The bridge gives the trainer a way of pinpointing the exact instance the dog does a desired action, behavior, or movement, and bridges the time between the desired behavior and when the dog can be rewarded with other reinforcers. It is used EXACTLY as the goal behavior is reached. (Note: The bridge itself can even become reinforcing, like praise, to some dogs.) 

THE INTERMEDIATE BRIDGE

The IB is a continuous audio (or visual) signal that trainers use to guide the dog toward the "correct" action, behavior, or movement that he is learning. It is used BEFORE the goal behavior is reached and helps guide the dog similar to a game of "hot/warm/cold."


----------



## Connie Sutherland (Mar 27, 2006)

P.S.

From what I have seen of agility training, this is a (or maybe the) common method.

The intermediate bridge (shaping) signals vary a lot from trainer to trainer, I've seen.

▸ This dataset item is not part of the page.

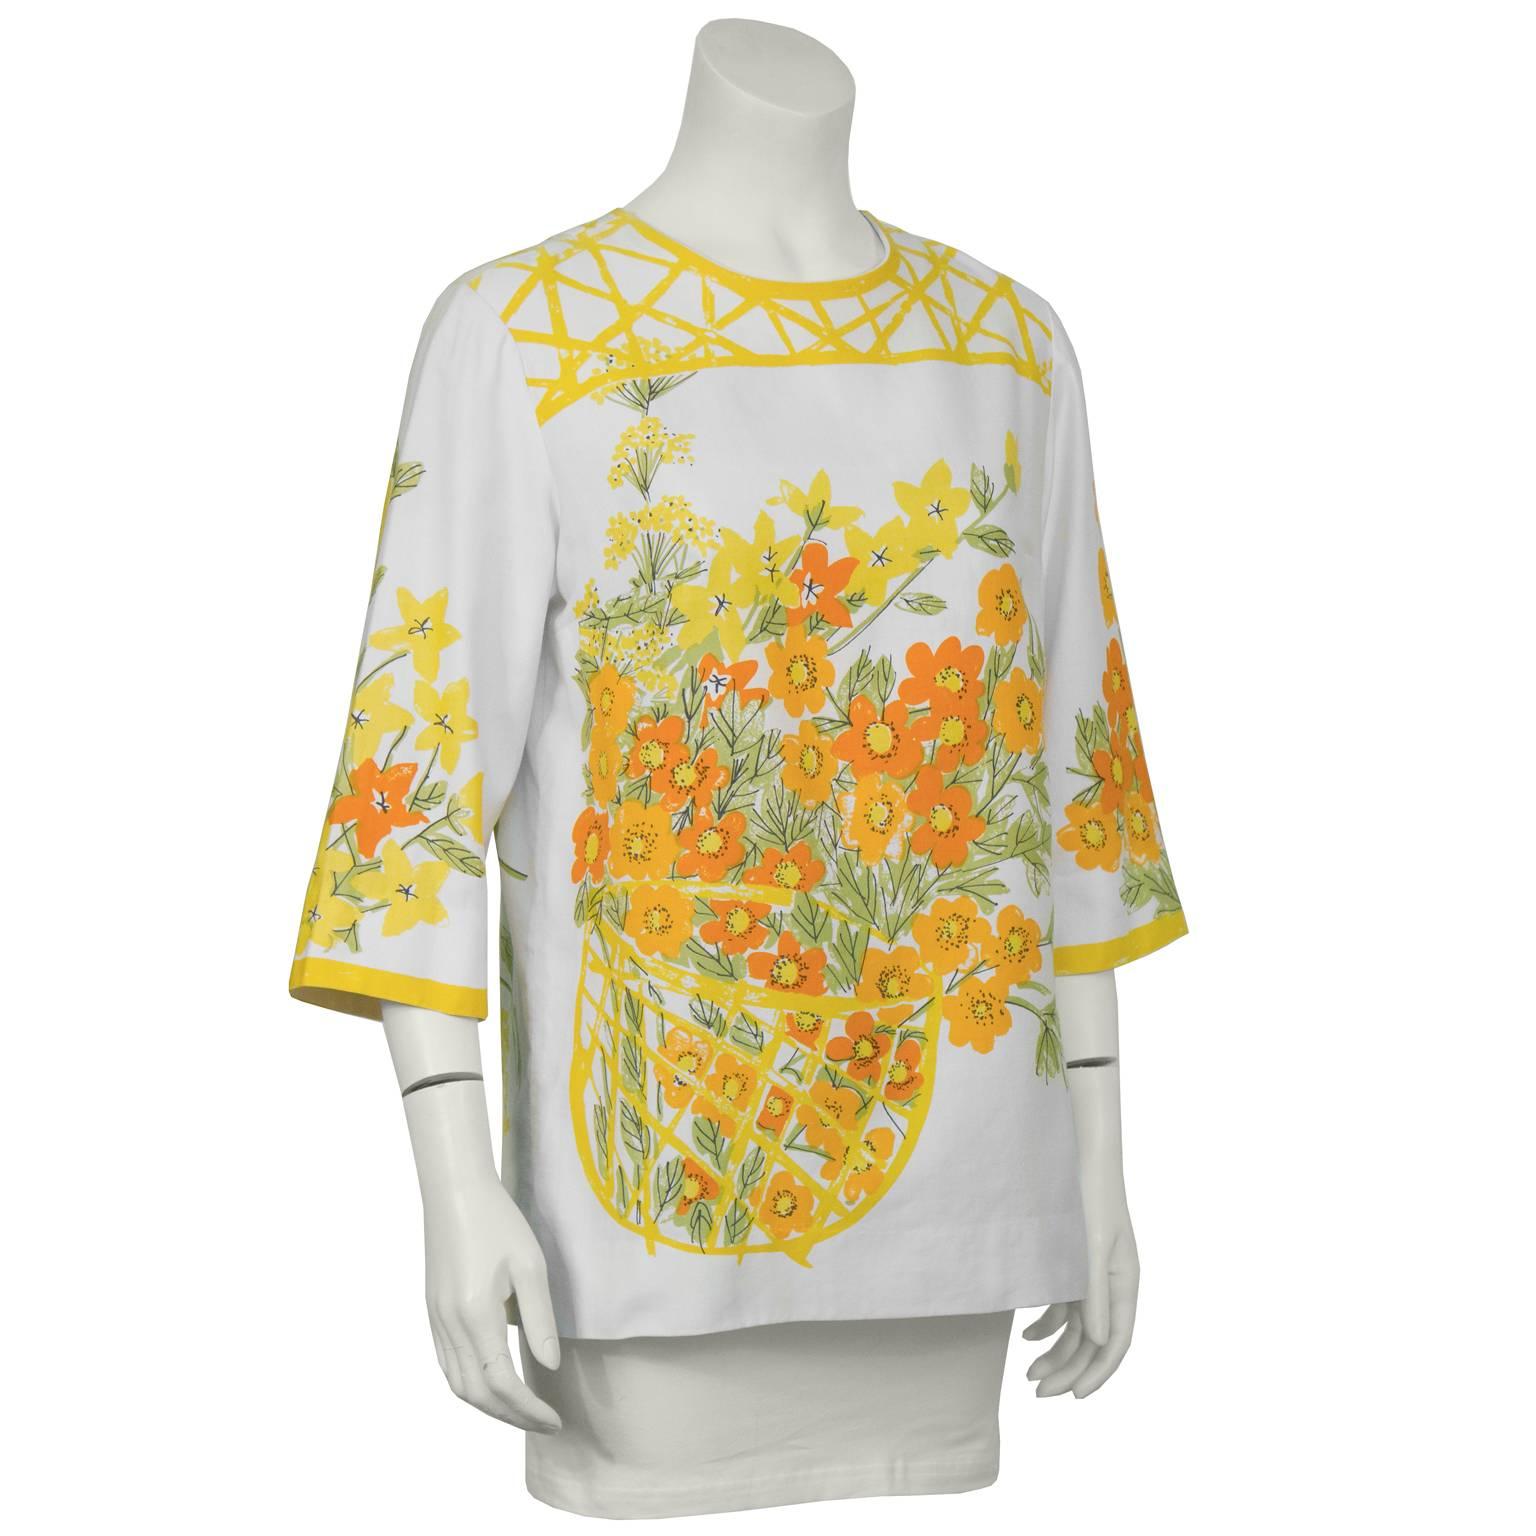 Vera cotton 3/4 length sleeve blouse from the 1960s. The blouse features a typical summery water color floral print of orange and yellow flowers with green leaves in a basket on the front and on the back, and on the sleeves. Darts at the bust, zips

The article describes some.

There are a couple of other members here who know much more about the intermediate bridge signals.


----------



## Andy Andrews (May 9, 2006)

Thanks for the breakdown; needless to say I didn't read through either link completely. It was late, I was tired...so sue me! ;-) 



Andy.


----------



## Connie Sutherland (Mar 27, 2006)

Andy Andrews said:


> Thanks for the breakdown; needless to say I didn't read through either link completely. It was late, I was tired...so sue me! ;-)
> 
> 
> 
> Andy.


Just post your credit card info. I see no need to drag this into court.


----------



## Kayce Cover (Oct 30, 2007)

Ahh! This may be the thread that resulted in a fair number of hits to my website, which then brought me to this forum. 

Connie, you have the gist of the IB part. There is more.

Andy: I would think the concept part might be put to use by people with working dogs. Or at least I use it a lot. However, one would need to actually read the materials before recognising the applications.

Jeff: Hmmm... Setting such a leadership example. And, this is NOT clicker training.

When I evaluate someone's ideas, I try to look at their accomplishments, and how they apply their ideas.

Regards,
Kayce Cover


----------